Con l’iscrizione al RUNTS cambiano le regole delle partecipazioni delle for profit nelle no profit.

Con l’iscrizione al RUNTS cambiano le regole delle partecipazioni delle for profit nelle no profit.

Il tema della composizione della compagine associativa degli enti del terzo settore è stato di recente affrontato dal Ministero del Lavoro e delle Politiche Sociali che, con nota n. 1082 del 5 febbraio 2020, ha affermato la possibilità per le for profit di iscriversi al RUNTS (Registro Unico Enti Terzo Settore).

 L’intervento dell’Amministrazione origina da due quesiti posti sul tema degli associati degli enti del terzo settore: il primo quesito formulato dalla Regione Piemonte riguarda le realtà che possono comporre la base sociale di un Ets, il secondo concerne la possibilità per gli Ets di accogliere, all’interno della propria base associativa, le imprese.
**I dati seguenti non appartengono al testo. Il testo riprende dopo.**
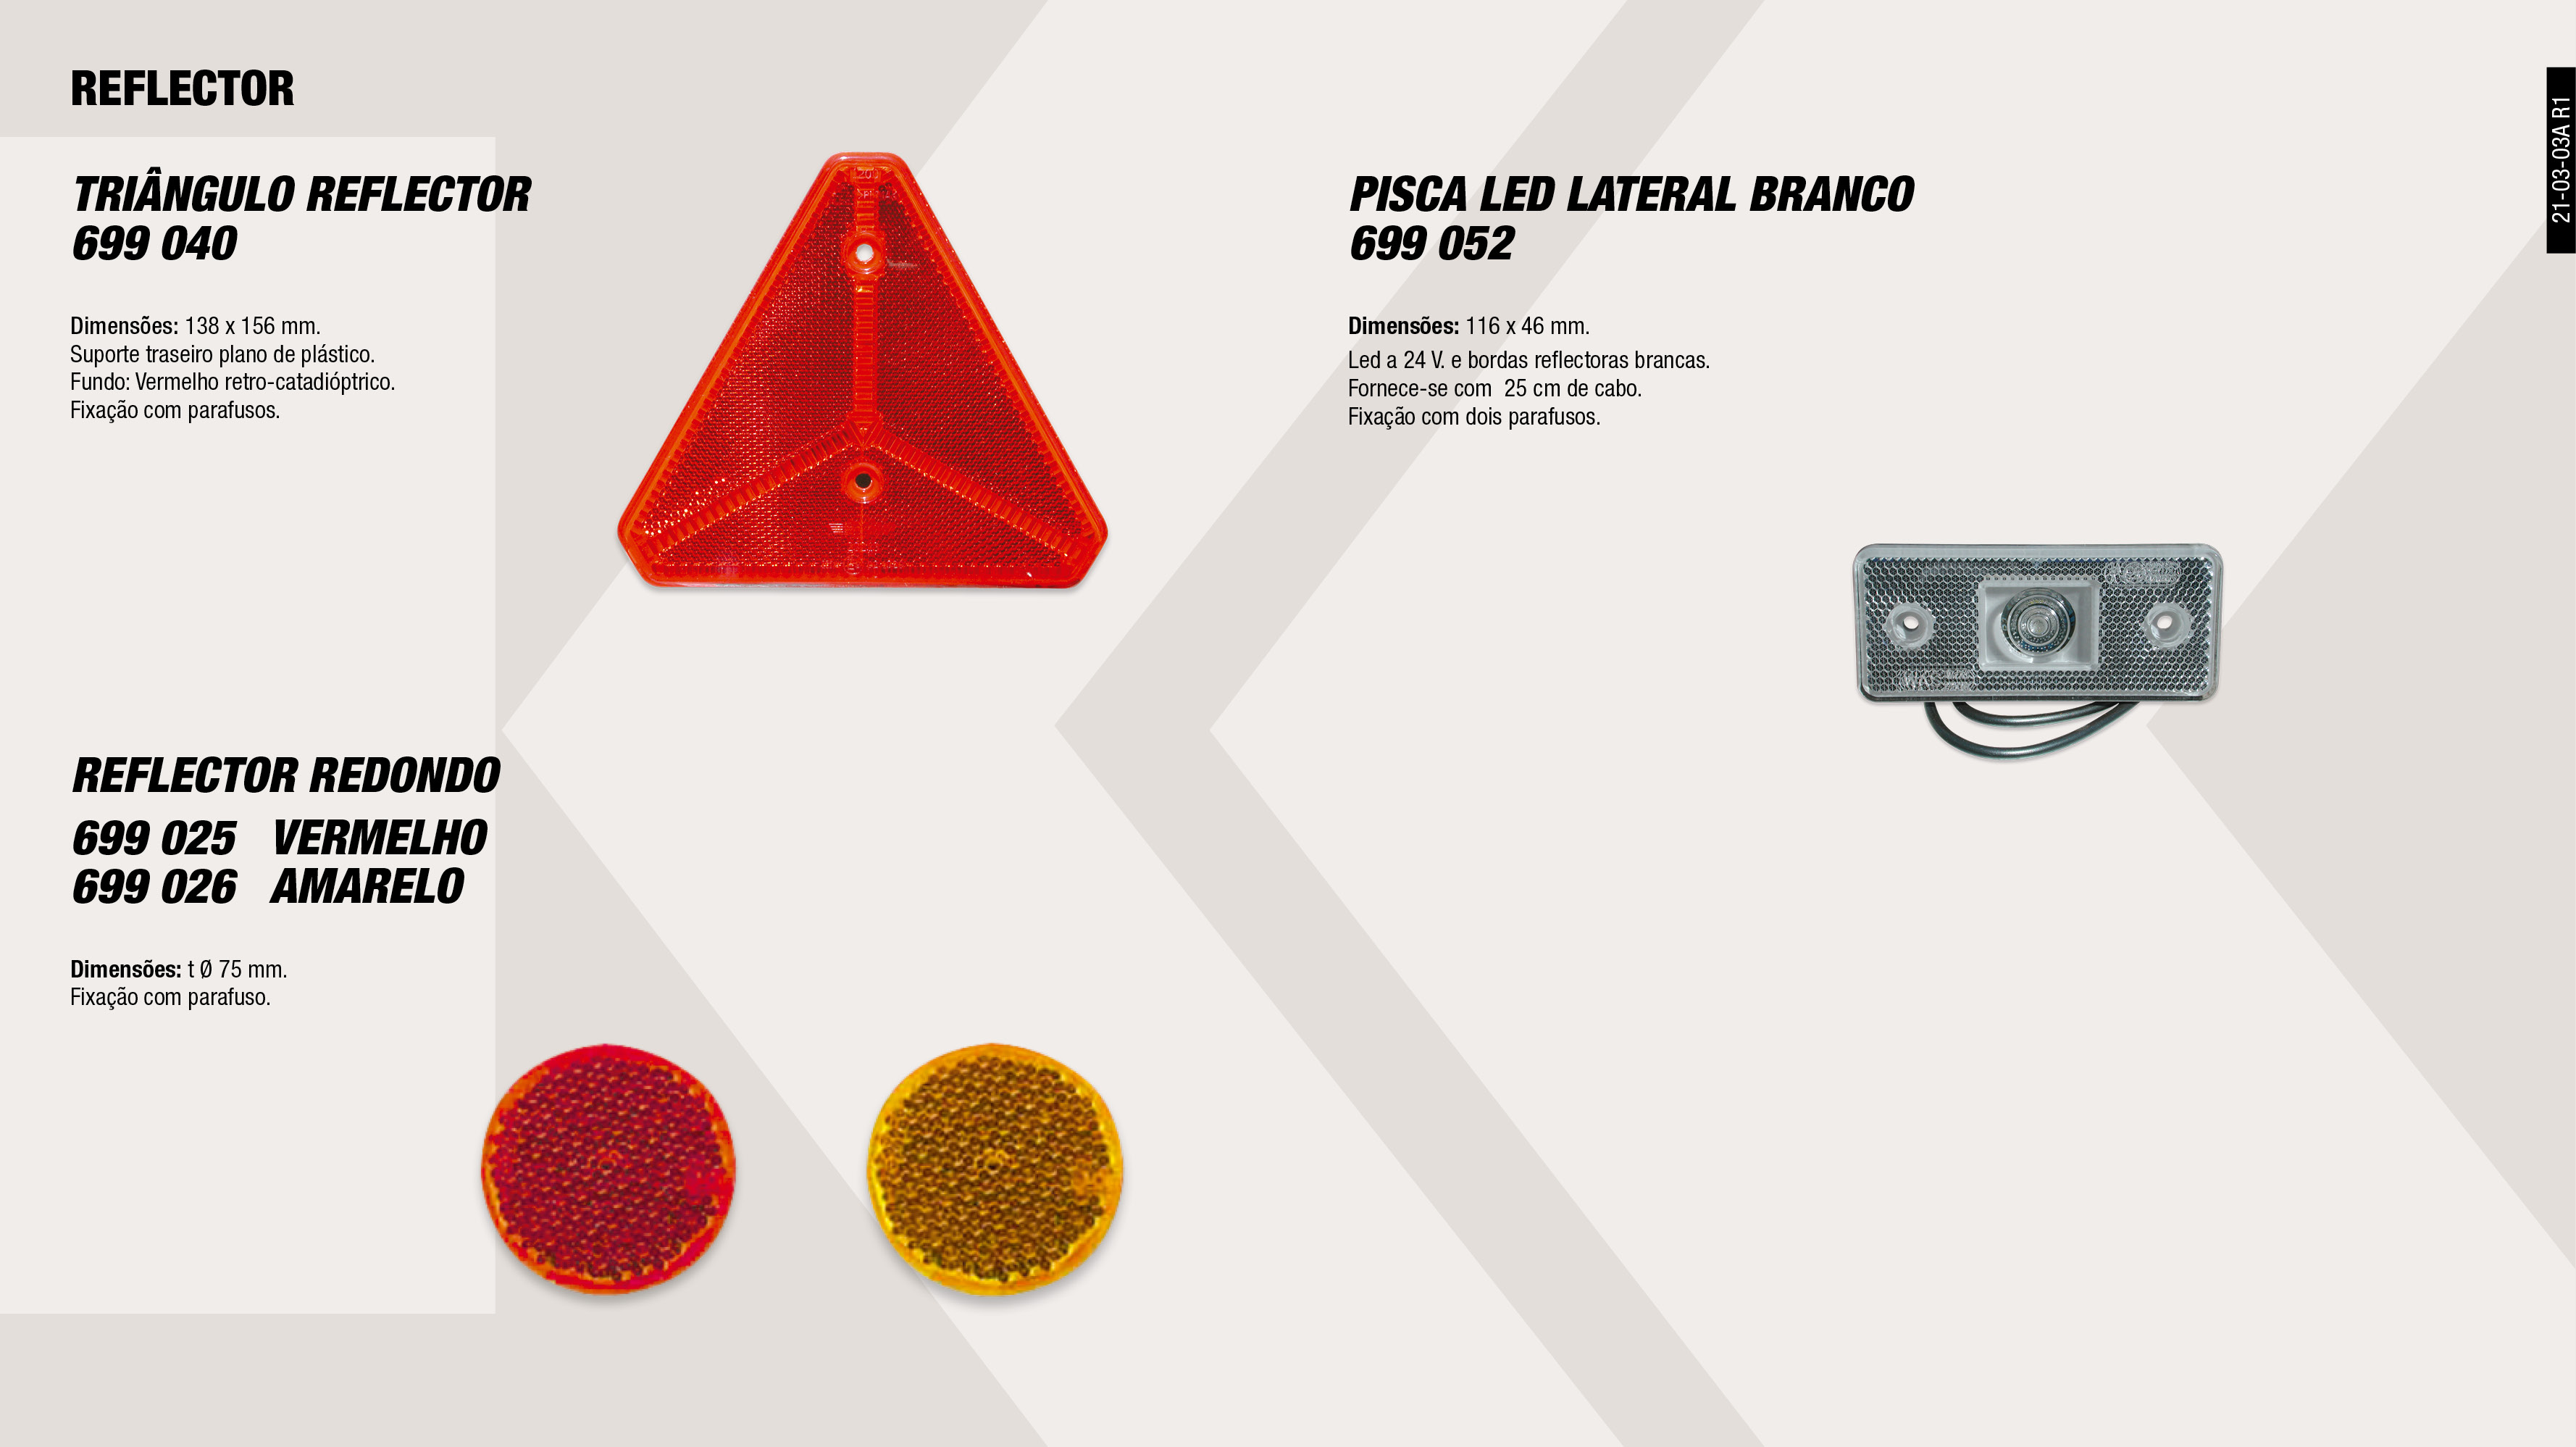 REFLECTOR REDONDO AMARELO                                   ,  PISCA LED LATERAL BRANCO                                    ,  TRIANGULO REFLECTOR                                         ,  REFLECTOR REDONDO VERMELHO                                  ,

Il Ministero per affrontare le questioni segue l’indirizzo interpretativo in precedenza espresso dall’AdE, con circolare 31/E/2011, e richiama i principi di cui all’art 1 Codice del Terzo settore di libertà associativa e autonomia negoziale secondo cui l’ente è libero di individuare l’assetto strutturale che ritiene più idoneo ad assicurare il perseguimento, senza scopo di lucro, delle finalità civiche, solidaristiche e di utilità sociale.

È proprio sulla scorta del suddetto principio che si supera il dubbio sulla possibilità per gli Ets di accogliere, all’interno della propria compagine associativa, le imprese profit: l’art 4 comma 2 del D.lgs. 117/17 infatti, non menziona le imprese tra i soggetti che non possono essere qualificati come Ets, diversamente da quanto previsto in materia di disciplina delle imprese sociali all’art. 4 comma 3 del D.Lgs 112/17 laddove invece è esclusa “l’attività di direzione e coordinamento o detenzione in qualsiasi forma del controllo di un’impresa sociale”.
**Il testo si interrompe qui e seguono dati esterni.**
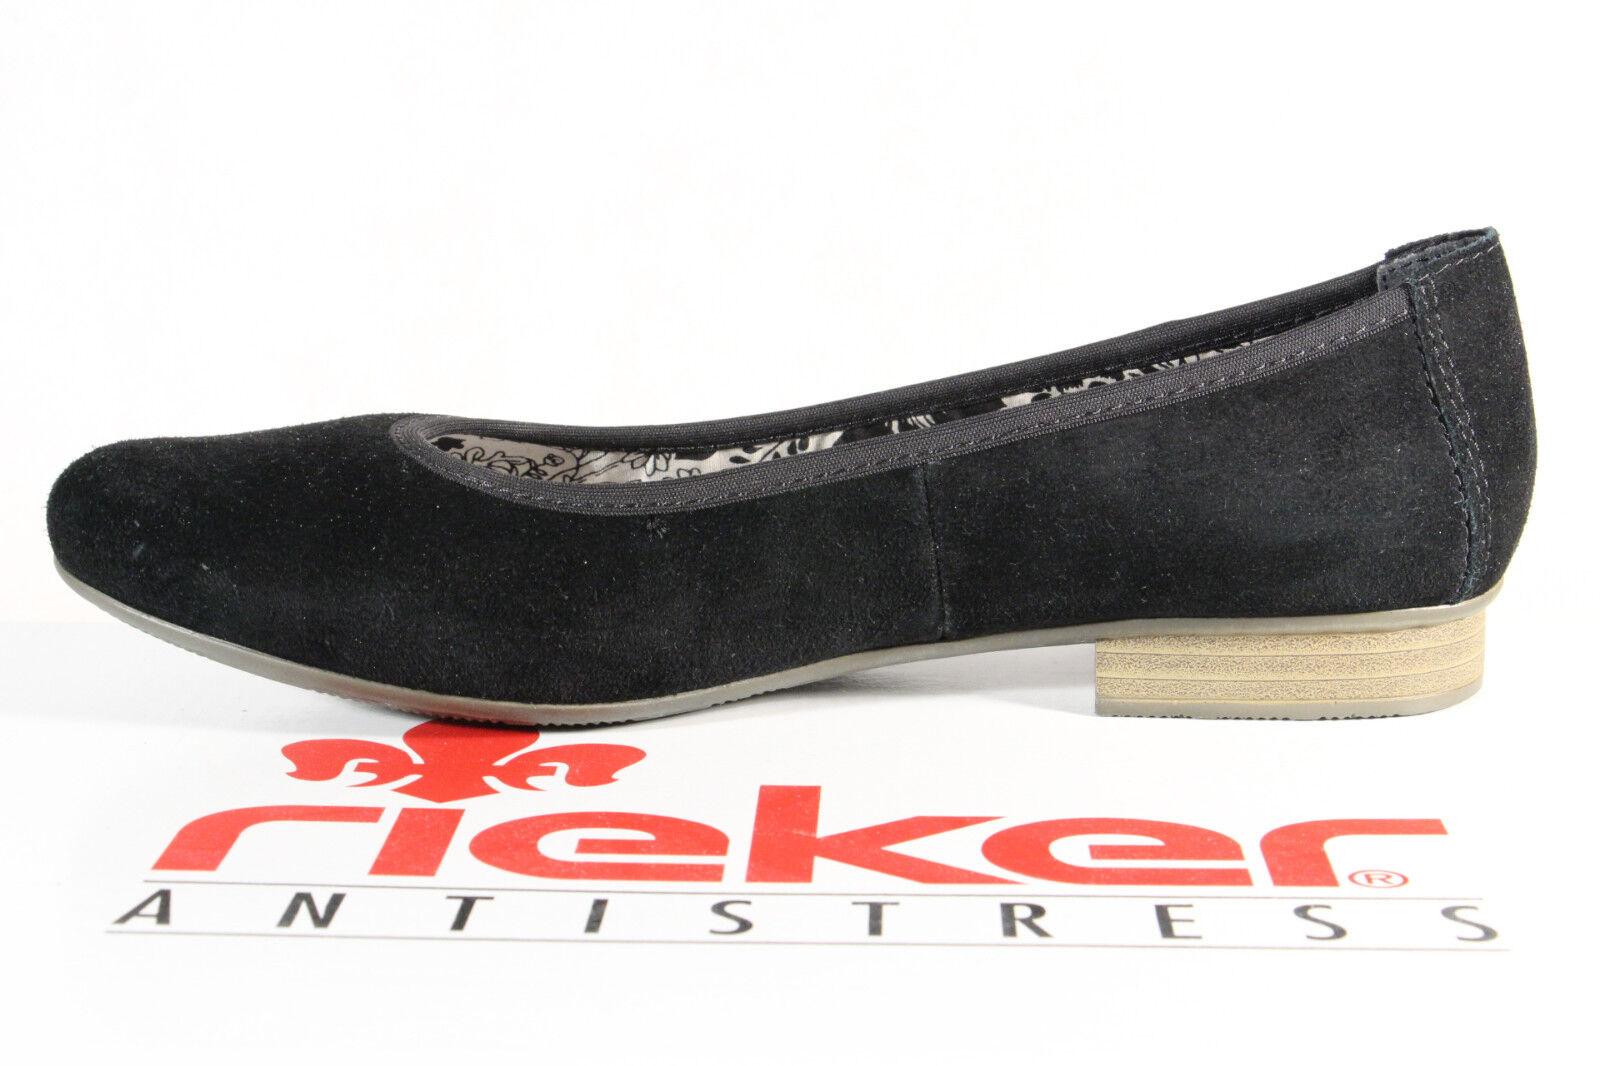 Rieker 51994 Ballerina Ballerina Ballerina Slipper Pumps schwarz Velourleder NEU  462626

Il Ministero chiarisce che gli enti con finalità di lucro non incontrano alcuna preclusione nell’ambito del terzo settore e, pertanto, gli stessi possono costituire o partecipare successivamente alla base associativa degli Ets nonché detenerne il controllo nell’osservanza formale e sostanziale delle finalità solidaristiche, senza scopo di lucro, e nello svolgimento in via esclusiva o principale di una o più attività di interesse generale.
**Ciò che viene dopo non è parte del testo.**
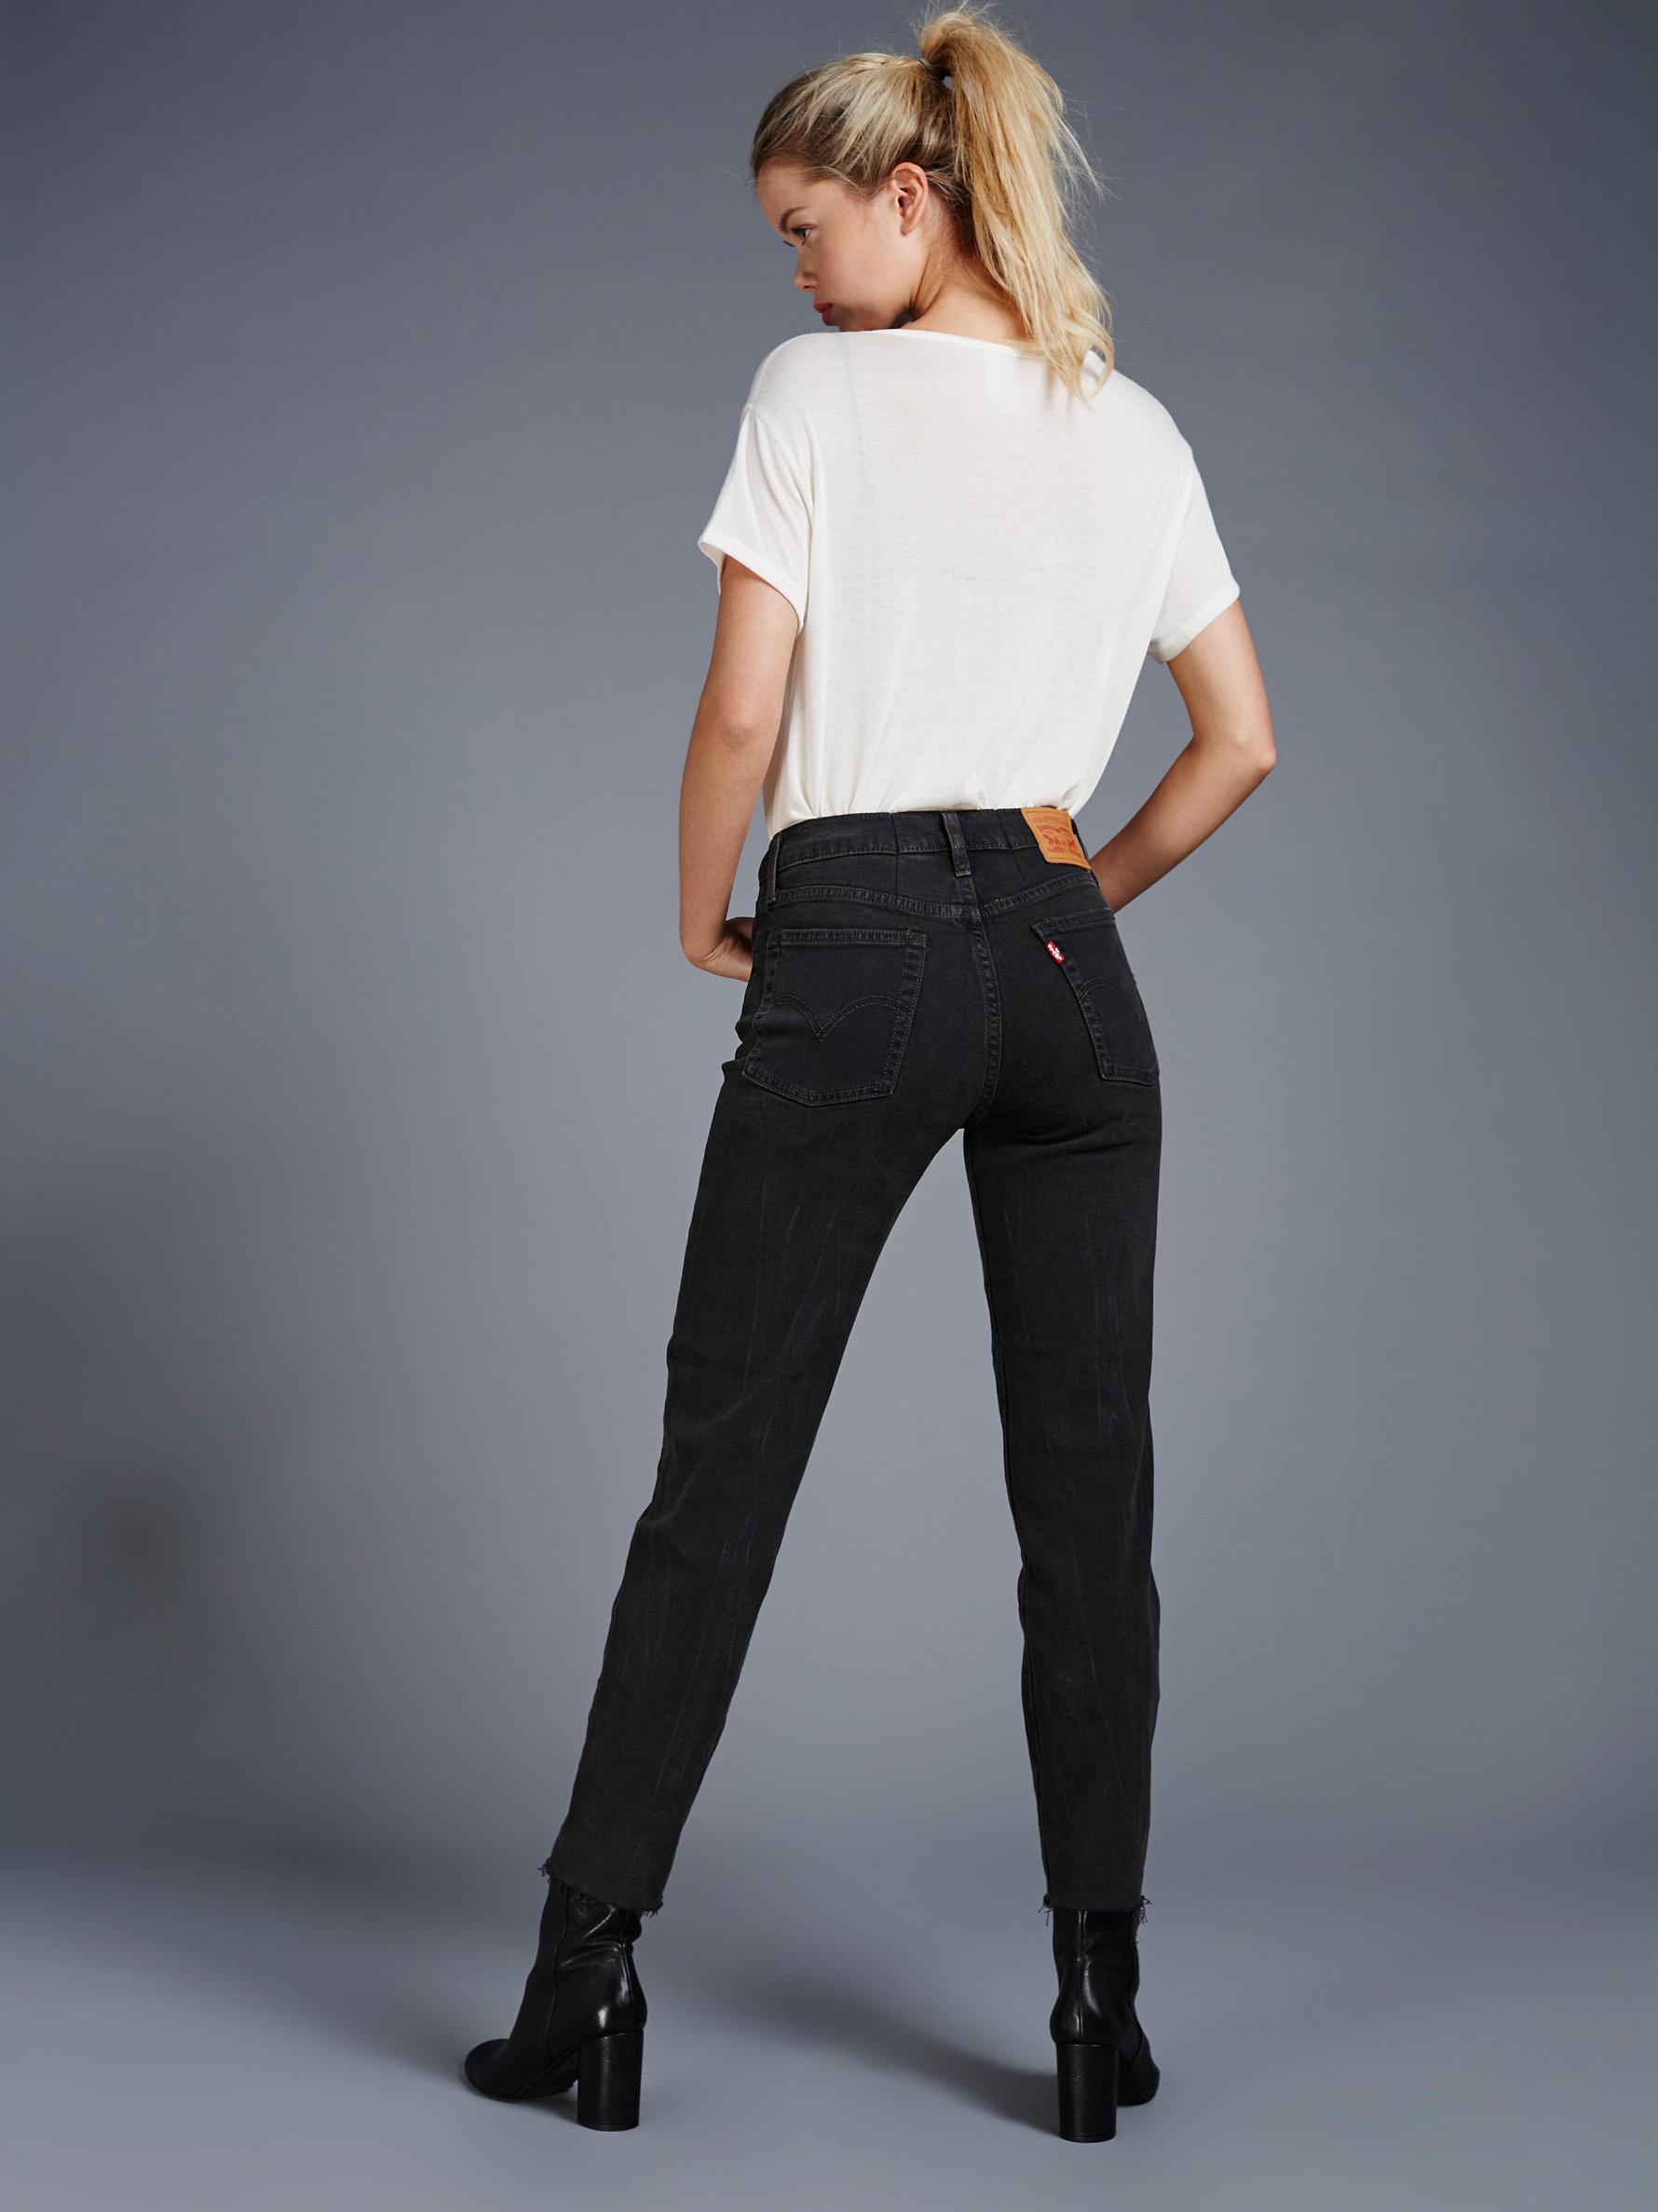 Levi S Women S Skinny Jeans

Le sinergie create da tali forme di partenariato nel campo dei servizi del terzo settore a favore della collettività, ampliando l’ambito di partecipazione, possono consentire in concreto un miglioramento dell’offerta dei servizi sociali.

Ammessa la partecipazione delle profit nella compagine associativa, spetterà alle amministrazioni competenti, ossia all’Ufficio del RUNTS, compiere controlli sulla concreta osservanza delle norme poste a presidio della natura e della finalità degli Ets per evitare un uso elusivo delle disposizioni di vantaggio previste dalla normativa vigente.

L’Amministrazione torna sul principio dell’autonomia negoziale anche per rispondere al quesito in merito alla composizione della base sociale del terzo settore e specifica che la compagine sociale può contemplare, al suo interno, la presenza non soltanto di persone fisiche ma anche di soggetti collettivi.

Questo principio è valevole in via generale trova un limite negli artt. 32 e 35 del Codice del terzo settore solo e limitatamente per quanto riguarda le proporzioni di partecipazione delle organizzazioni di volontariato (ODV) e delle associazioni di promozione sociale (APS).

Infatti, le norme richiamate, pongono limiti sia di carattere qualitativo sia quantitativo: il primo sulla natura dei soggetti ammissibili, che devono appartenere a tipologie tassativamente individuate (Ets o enti non lucrativi), il secondo sul numero di tali soggetti che non può essere superiore al 50% rispettivamente delle ODV o delle APS associate. La disciplina impone che, se queste proporzioni non sono rispettate, la ODV o l’APS aderente deve chiedere l’iscrizione in un’altra sezione del RUNTS.

La ratio di tali preclusioni sta nel fatto che altrimenti si snaturerebbe le caratteristica dell’ente rendendo squilibrata la sua compagine associativa.

Il Ministero conclude precisando che tali limiti non comprimono in ogni caso l’autonomia decisionale degli enti, ai quali è consentito di modificare, nel rispetto delle disposizioni statutarie, la propria compagine associativa, oltre i limiti suddetti, rinunciando alla qualificazione di ODV o APS.